The sun is shining through the windows of the Seraglio, the two Ulemas who are wont to come and pray with the Sultan have withdrawn, and the Kapu-Agasi, or chief doorkeeper, and the Anakhtar Oglan, or chief key-keeper, hasten to open the doors through which the Padishah generally goes to his dressing-room, where already await him the most eminent personages of the Court, to wit, the Khas-Oda-Bashi, or Master of the Robes, the Chobodar who hands the Sultan his first garment, the Duelbendar who ties the shawl round his body, the Berber-Bashi who shaves his head, the Ibrikdar Aga who washes his hands, the Peshkiriji Bashi who dries them again, the Serbedji-Bashi who has a pleasant potion ready for him, and the Ternakdji who carefully pares his nails.  All these grandees do obeisance to the very earth as they catch sight of the face of the Padishah making his way through innumerable richly carved doors on his way to his dressing-chamber.
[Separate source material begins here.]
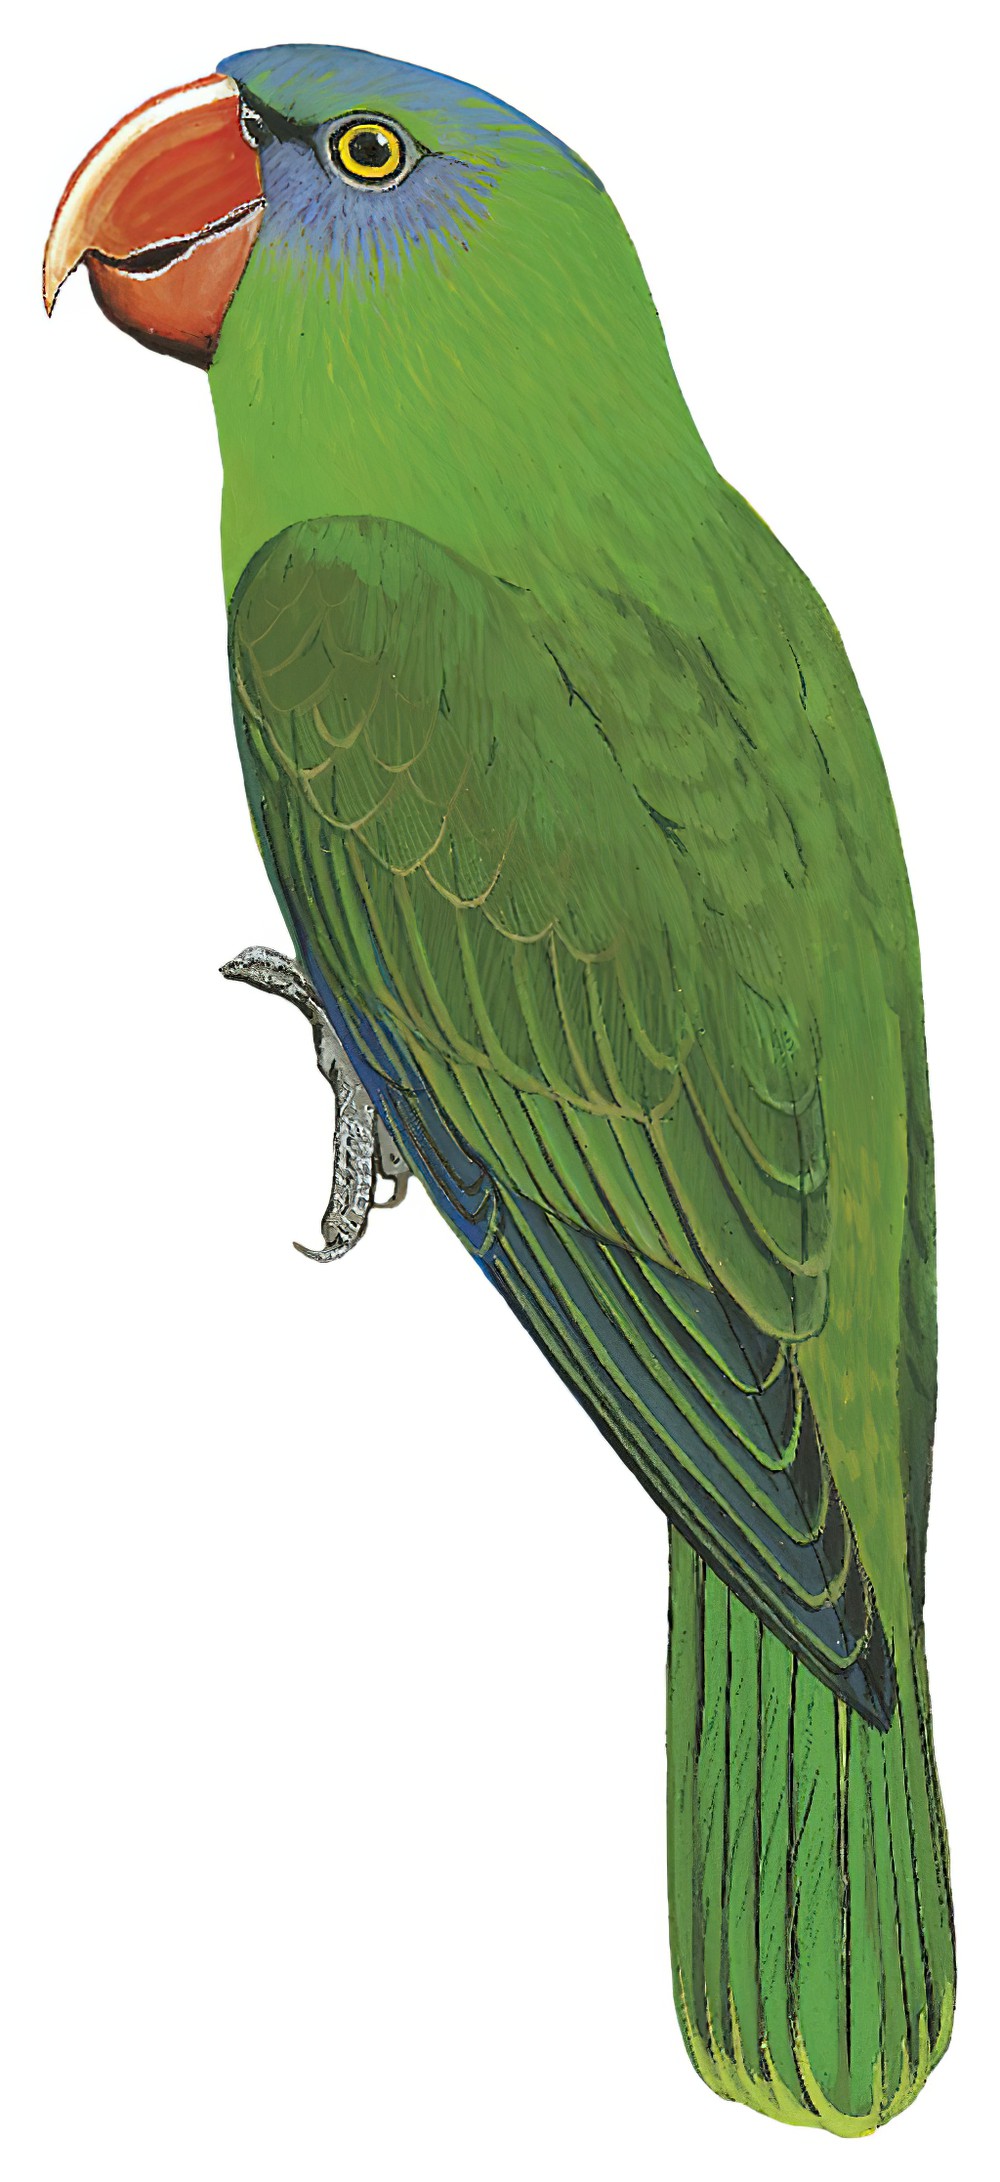 Black-lored Parrot / Tanygnathus gramineus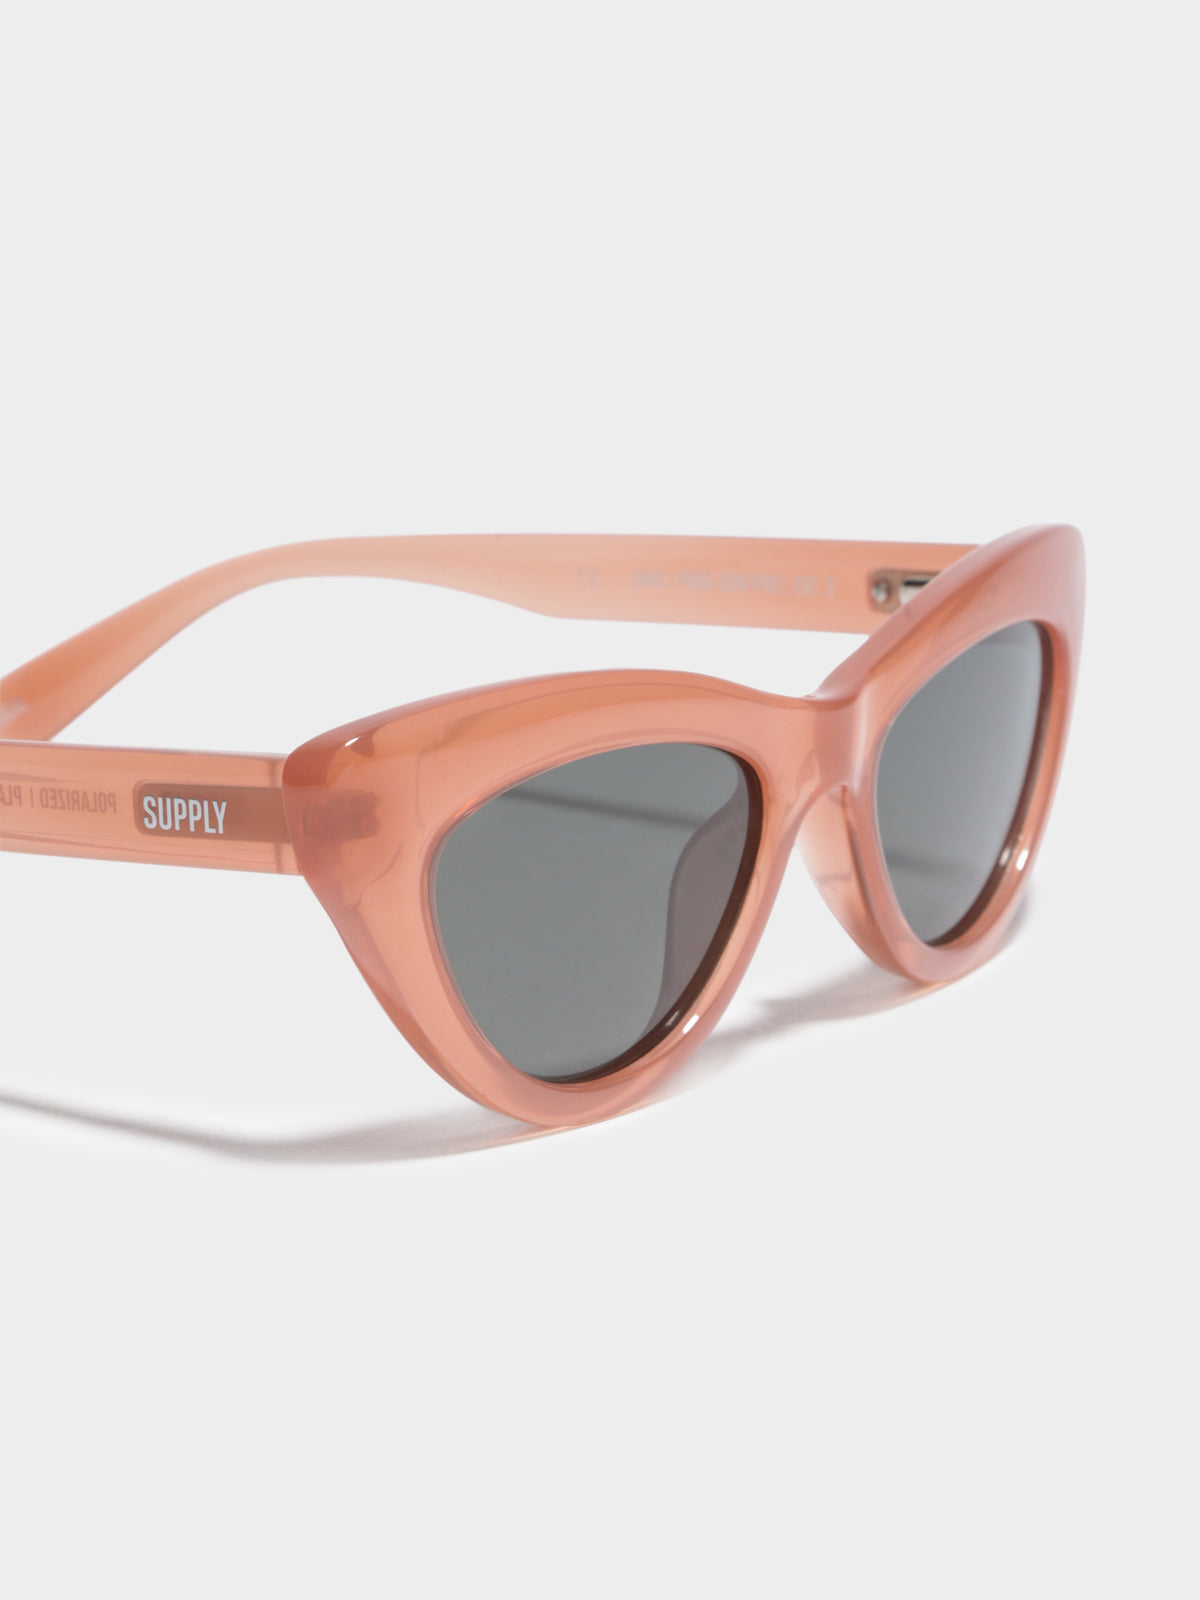 AMS Polarised Cateye Sunglasses in Polished Coral &amp; Dark Grey

This robing-room is a simple, hexagonal room, with lofty, gold-entrellised window; its whole beauty consists in this, that the walls are inlaid with amethysts, from whose jacinth-hued background shine forth the more lustrous raised arabesques formed by topazes and dalmatines.  Precious stones are the delight of the Padishah.  Every inch of his garments is resplendent with diamonds, rubies, and pearls, his very fingers are hidden by the rings which sparkle upon them.  Pomp is the very breath of his life.  And his countenance well becomes this splendour.  It is a mild, gentle, radiant face, like the face of a father when he moves softly among his loving children.  His large, melancholy eyes rest kindly on the face of everyone he beholds; his smooth, delicate forehead is quite free from wrinkles.  It would seem as if it could never form into folds, as if its possessor could never be angry; there is not a single grey hair in his well-kept, long black beard; it would seem as if he knew not the name of grief, as if he were the very Son of Happiness.

And so indeed he was.  For seven-and-twenty years he had sat upon the throne.  It is possible that during these seven-and-twenty years many changes may have taken place in the realm which could by no means call for rejoicing, but Allah had blessed him with such a happy disposition as to make him quite indifferent to these unfortunate events, in fact, he did not trouble his head about them at all.  Like the true philosopher he was, he continued to rejoice in whatsoever was joyous.  He loved beautiful flowers and beautiful women—­and he had enough of both and to spare.  His gardens were more splendid than the gardens of Soliman the Magnificent, and that his Seraglio was no joyless abode was demonstrated by the fact that so far he was the happy father of one-and-thirty children.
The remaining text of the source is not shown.